Source material.
-- Opening Marker --

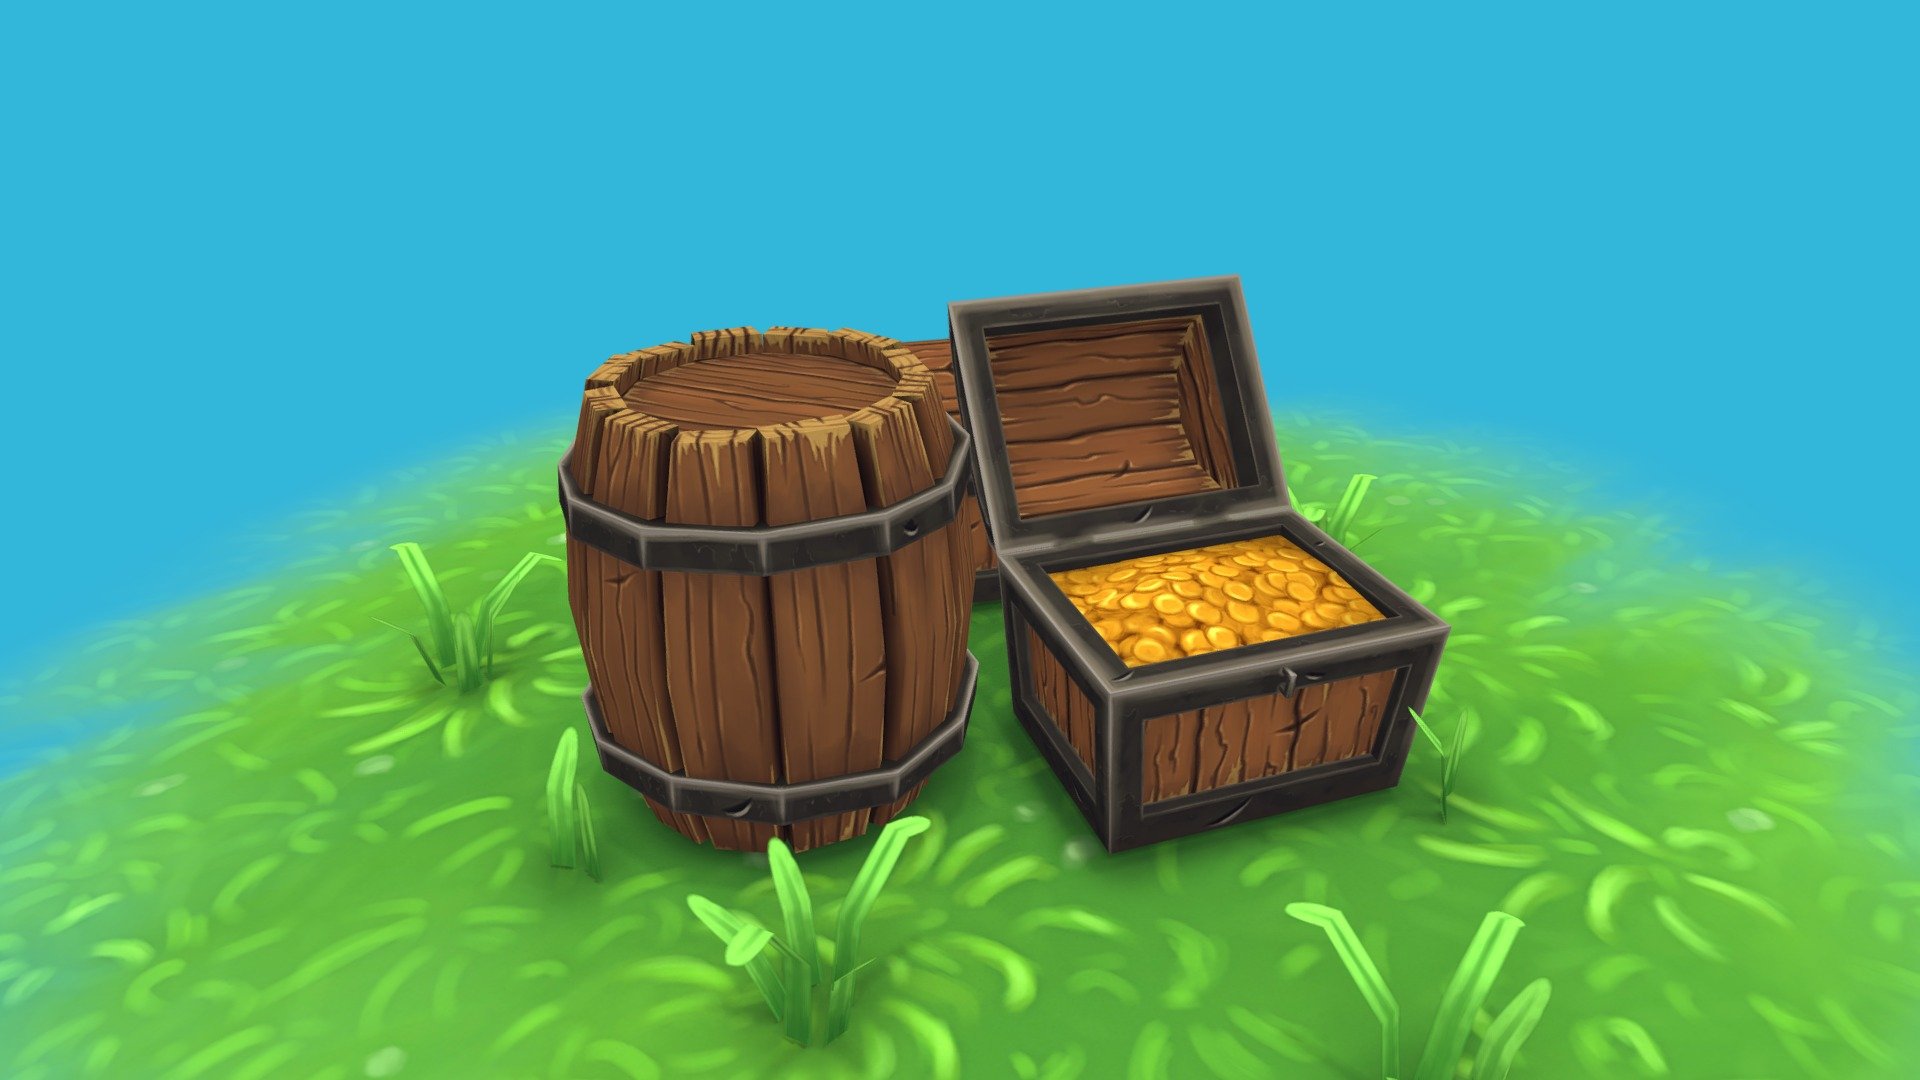 Low poly barrel and treasure chest (modular).

Simple lighting. Switch to shadeless mode for pure textures 3d model
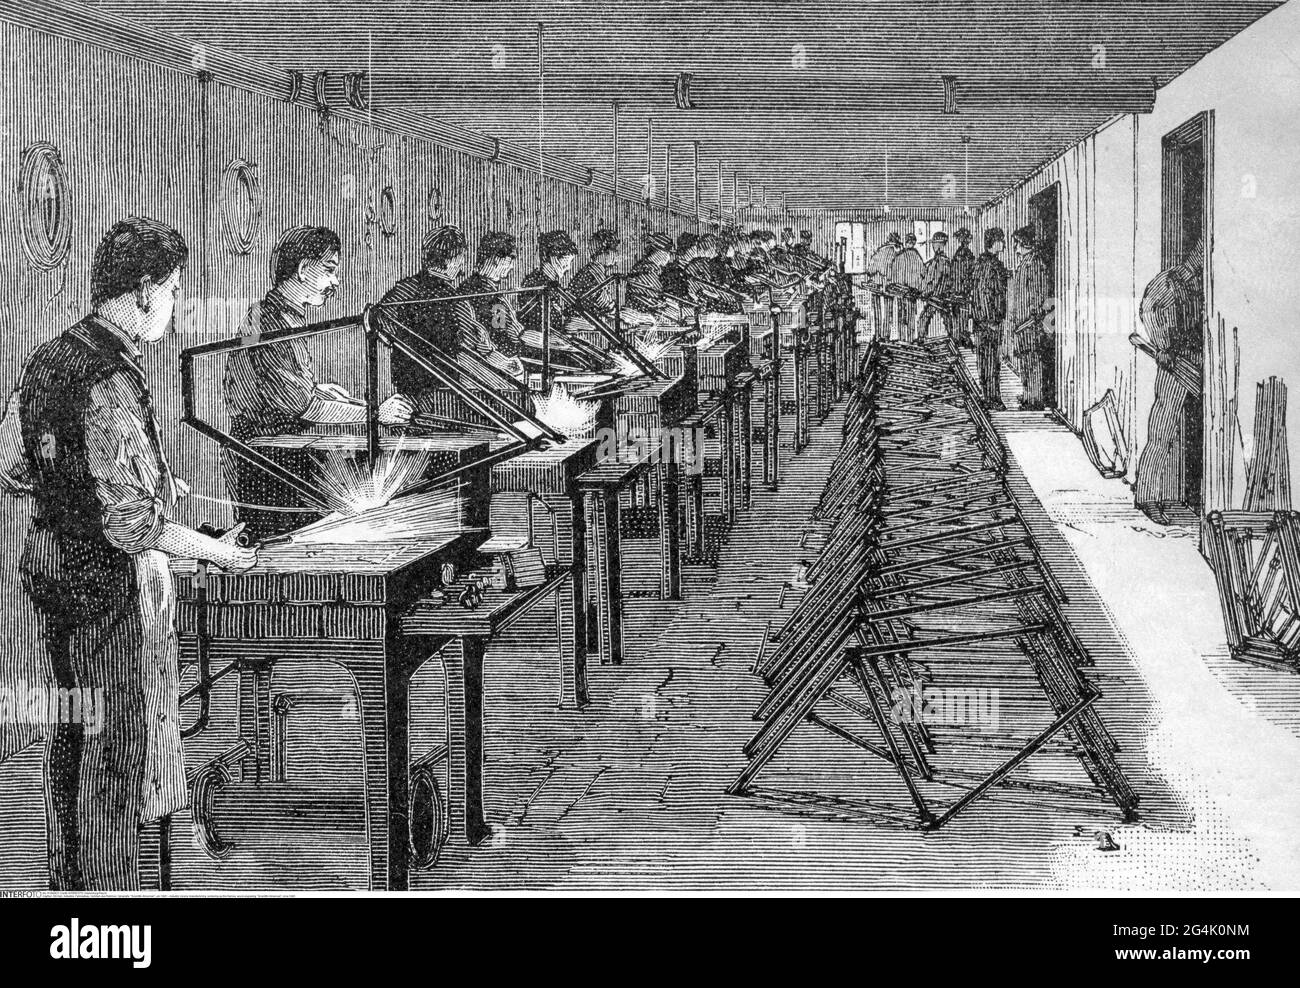 industry, bicycle manufactoring, soldering up the frames, wood engraving, 'Scientific American', circa 1895, ARTIST'S COPYRIGHT HAS NOT TO BE CLEARED Stock Photo

-- Closing Marker --

Task. Print the data again, word for word, without any pictures.

Answer.
 Low poly barrel and treasure chest (modular).

Simple lighting. Switch to shadeless mode for pure textures 3d model
 industry, bicycle manufactoring, soldering up the frames, wood engraving, 'Scientific American', circa 1895, ARTIST'S COPYRIGHT HAS NOT TO BE CLEARED Stock Photo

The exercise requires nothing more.